When they arrive at school and meet George, they realize they need to get past the security guard. Using her invisibility, Molly manages to scare him out, allowing Cleo and George to enter and duplicate Cleo's original experiment. The solution turns out to be too complex for either Cleo or George to understand, and they need Carter, a governor's scholar, to analyze the results.

They look for him at the school's annual Halloween party "Romp the Swamp". While searching, Cleo bumps into Coug, who is doubting his relationship with Molly and needs to be shown she cares for him, despite being invisible. Eventually, Cleo finds Carter, who is upset with her mixed attitude, expecting they would be together for the party. After informing him about the situation, she takes him to a nearby barn, where her sister, Coug and George are gathered.

With time running short, Cleo, George, Carter and Coug work together to develop an antidote for Molly, narrowly making the midnight deadline. They nearly get in trouble when Mr. Perkins, in charge of the party, finds them in the barn, but Molly informs him about Cleo's experiment before drinking the antidote, risking the deadline. When she finally gets to the antidote, it fails but not because it passed midnight. Molly had taken some antacid the night before when she consumed the moth, so after Cleo adds a dose of that to the antidote, Molly becomes visible again upon drinking it.

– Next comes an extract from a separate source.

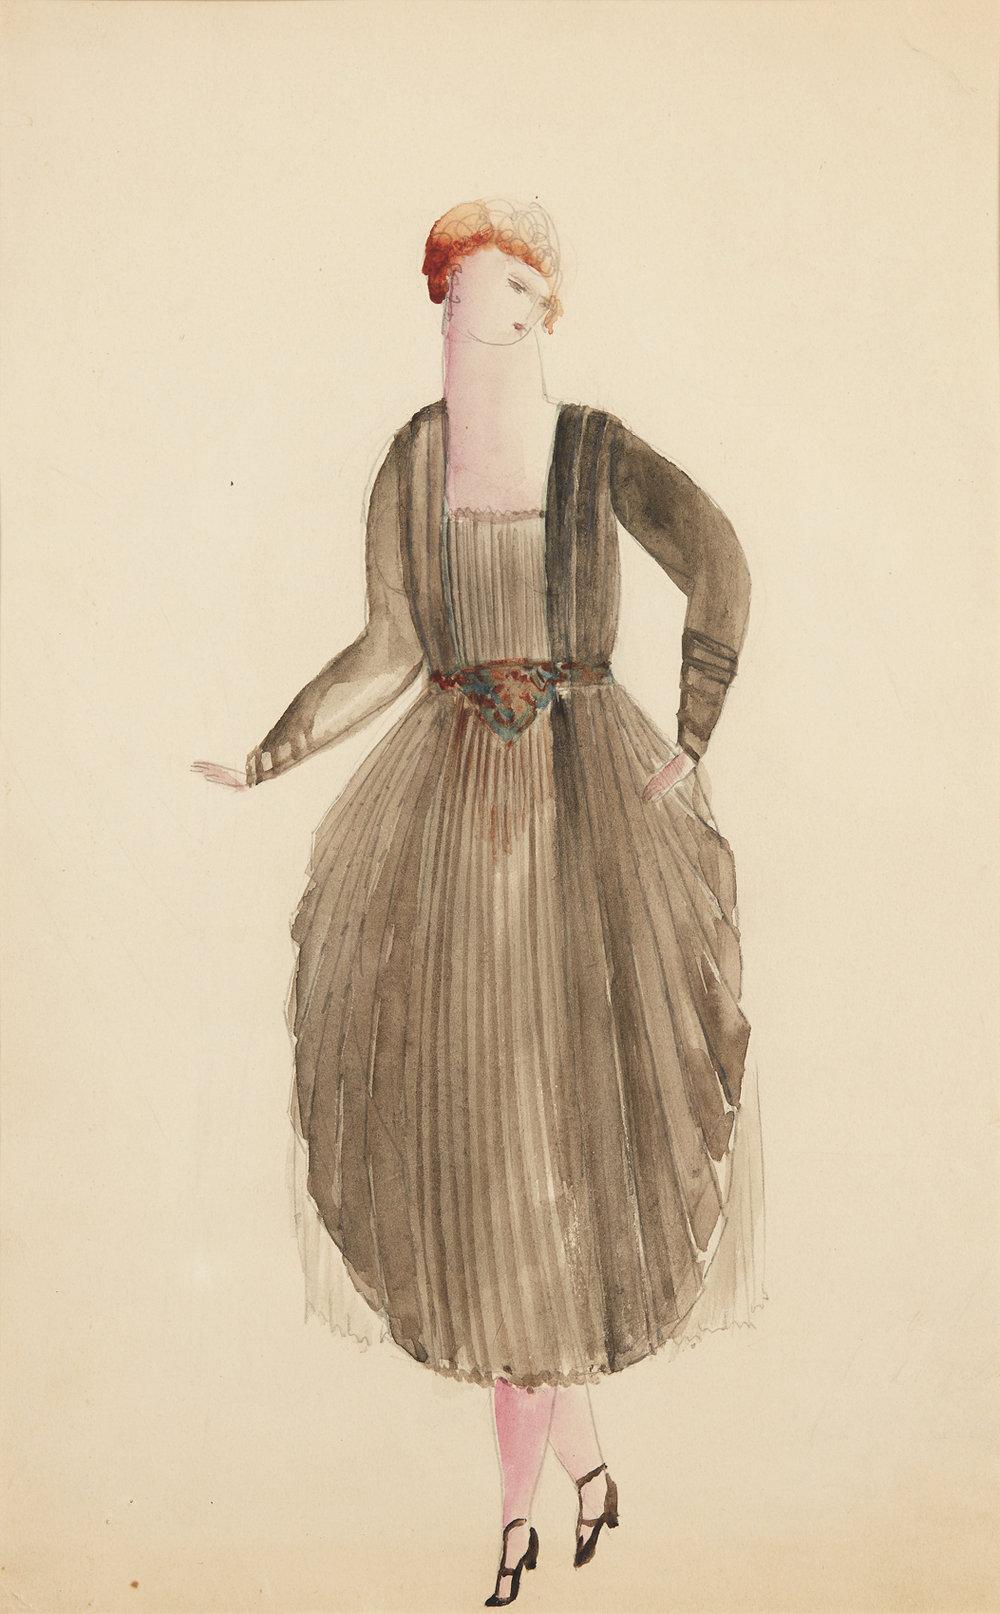 Siri Derkert   Svart plisserad klänning med snäckformad kjol  1917-21 Watercolor 32 x 22cm
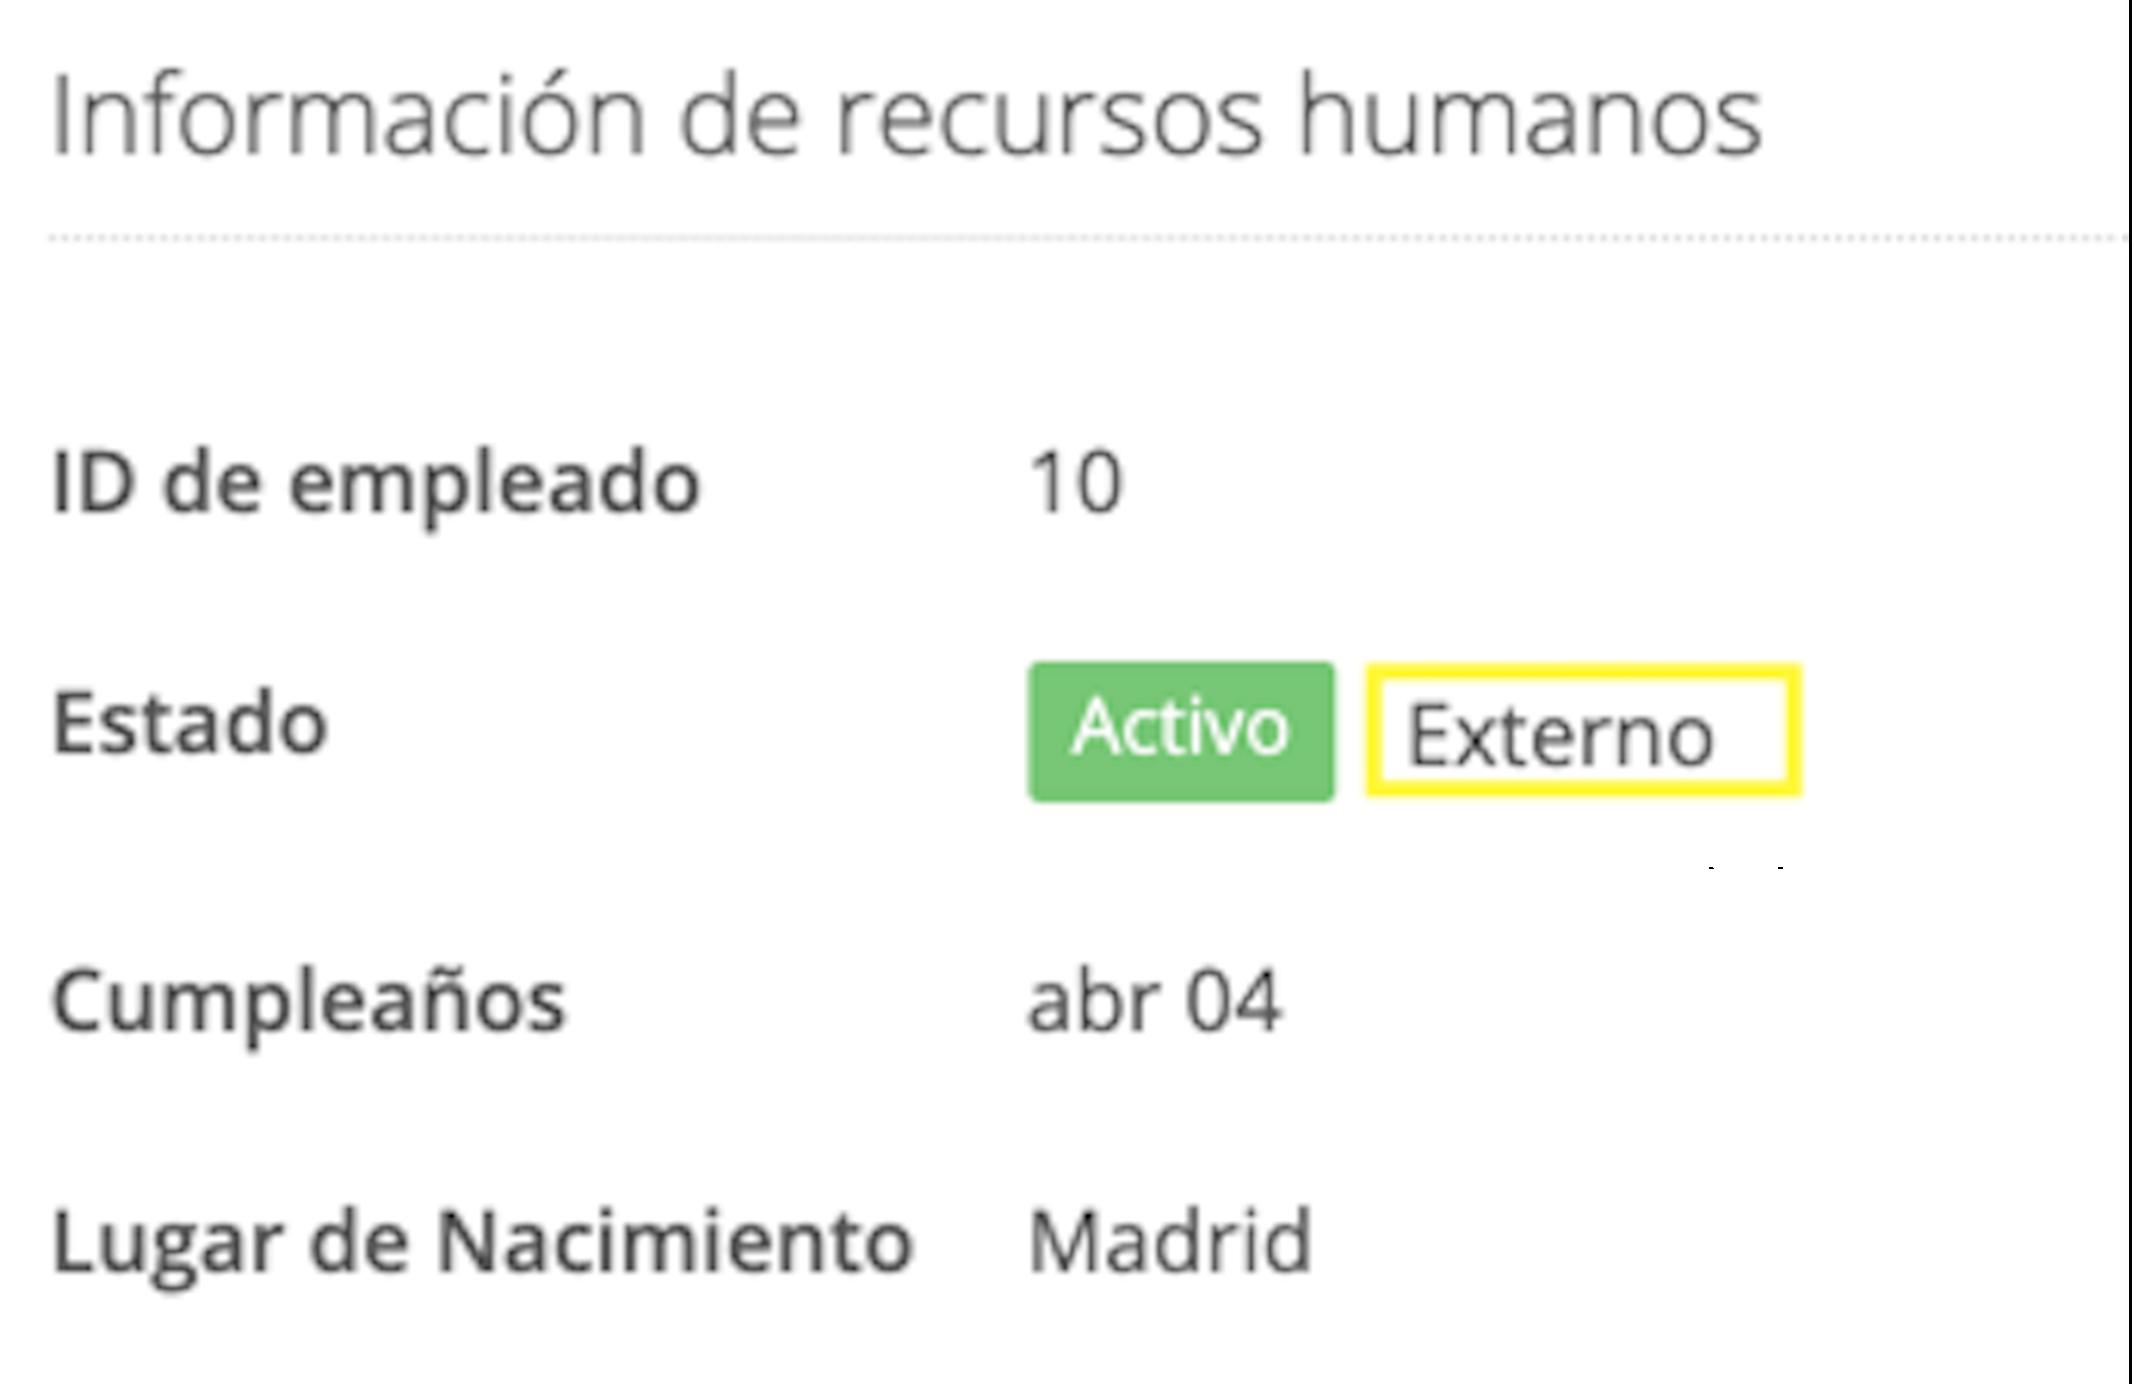 External-externalpayroll-employmenttype-peronalinfo_es.png

Astonished by the results of Cleo's project, Mr. Perkins asks her to present her findings at a seminar of the New Orleans Association of Applied Scientists. Cleo gains a greater appreciation for the fine line between visible and invisible.

==Cast==
- Rowan Blanchard as Cleo Eastman, Molly's younger sister
- Paris Berelc as Molly Eastman, Cleo's popular older sister
- Karan Brar as George, Cleo’s best friend and fellow science whiz kid
- Rachel Crow as Nikki, Molly's best friend and teammate and George's future girlfriend
- Alex Désert as Mr. Perkins, the high school science teacher who gave Cleo the project
- Will Meyers as Carter, Cleo's crush and science scholar
- Austin Fryberger as Coug, Molly's boyfriend

==Production==
The film was officially announced on January 9, 2015, along with the casting of Rowan Blanchard and Paris Berelc as Cleo and Molly. On February 27, Karan Brar, Rachel Crow, and Austin Fryberger were cast as George, Nikki, and The Coug. Filming began in February 2015 and ended in April 2015 in New Orleans.

==Reception==
The movie was viewed by 4.03 million people on its premiere night, making it the third most-watched broadcast on cable that night. An encore broadcast the next morning received 2.31 million viewers.

==Broadcast==
The film aired on October 9, 2015 on Disney Channel in the United States and Canada. In Canada, due to a technical error at the end of the movie, the last ten minutes were replaced with the Teen Beach 2 music video, "That's How We Do". It was however fixed the next day. It premiered in French as Ma Soeur est invisible! on February 28, 2016. Invisible Sister premiered on Disney Channel in the United Kingdom and Ireland on October 23. The movie premiered on Disney Channel Israel on December 10, 2015.